A singer and songwriter whose literate, impressionistic storytelling and richly evocative melodies have made her one of the most respected artists in the contemporary folk community, Patty Griffin is also a superb vocalist who sings of the human heart and soul with a passion that’s palpable but never histrionic. Most comfortable working outside the major-label system, Griffin went from performing in Boston coffee houses to national acclaim with 1996′s Living with Ghosts, a debut album drawn from her solo acoustic demo recordings. While she would explore more full-bodied arrangements on 1998′s Flaming Red and 2002′s 1000 Kisses, her work always expresses a powerful emotional intimacy, and she’s touched on her spiritual concerns with the albums Impossible Dream (2004), Downtown Church (2010), and Servant of Love (2015).

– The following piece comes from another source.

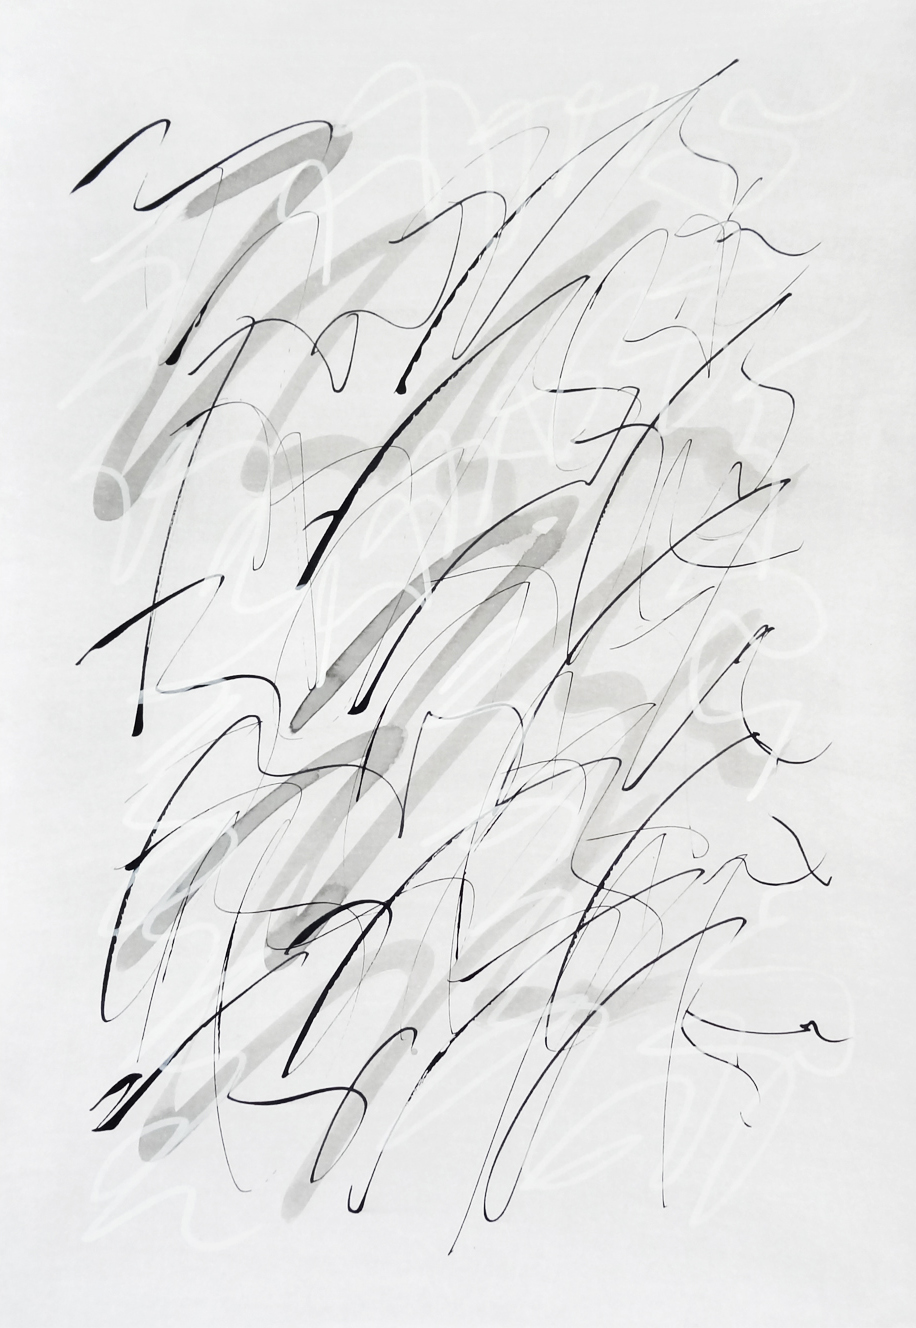  Untitled, 2019 calligraphy ink on paper 42,0 x 29,7 cm (29-19)

Patty Griffin was born in Old Town, Maine on March 16, 1964. The youngest of seven children, Griffin was 16 years old when she bought her first guitar for $50. While she learned to play, she showed no interest in making music a career in her teens and twenties; however, when her marriage broke up in 1992, Griffin, now living in Boston, developed a keener interest in writing songs, and was soon performing regularly at local coffee houses. A&R people from A&M Records were impressed with Griffin’s songs and soulful performing style, and she was signed to a record deal; early attempts to capture her sound in the studio didn’t quite click, so her 1996 debut album, Living with Ghosts, was drawn from Griffin’s original acoustic demo recordings. The 1998 follow-up, Flaming Red, teamed Griffin with a full band and a full-bodied production in sharp contrast to the spare sound of the debut. Griffin recorded an album in 2000 with producer Daniel Lanois called Silver Bell, but before it could be released, A&M was taken over by Universal in a corporate merger, and the album was put on the shelf while Griffin was left in limbo. Eventually, Griffin was released from her A&M contract. She signed with ATO Records, the artist-friendly label founded by Dave Matthews, and ATO released 1000 Kisses in 2002. In 2003, Griffin released a live album, A Kiss in Time, and by this point she was gaining greater recognition as a performer, with her songs being recorded by Willie Nelson, the Dixie Chicks, Bette Midler, and Emmylou Harris, while Shawn Colvin, Miranda Lambert, Solomon Burke, and the Wreckers would follow suit over the next several years.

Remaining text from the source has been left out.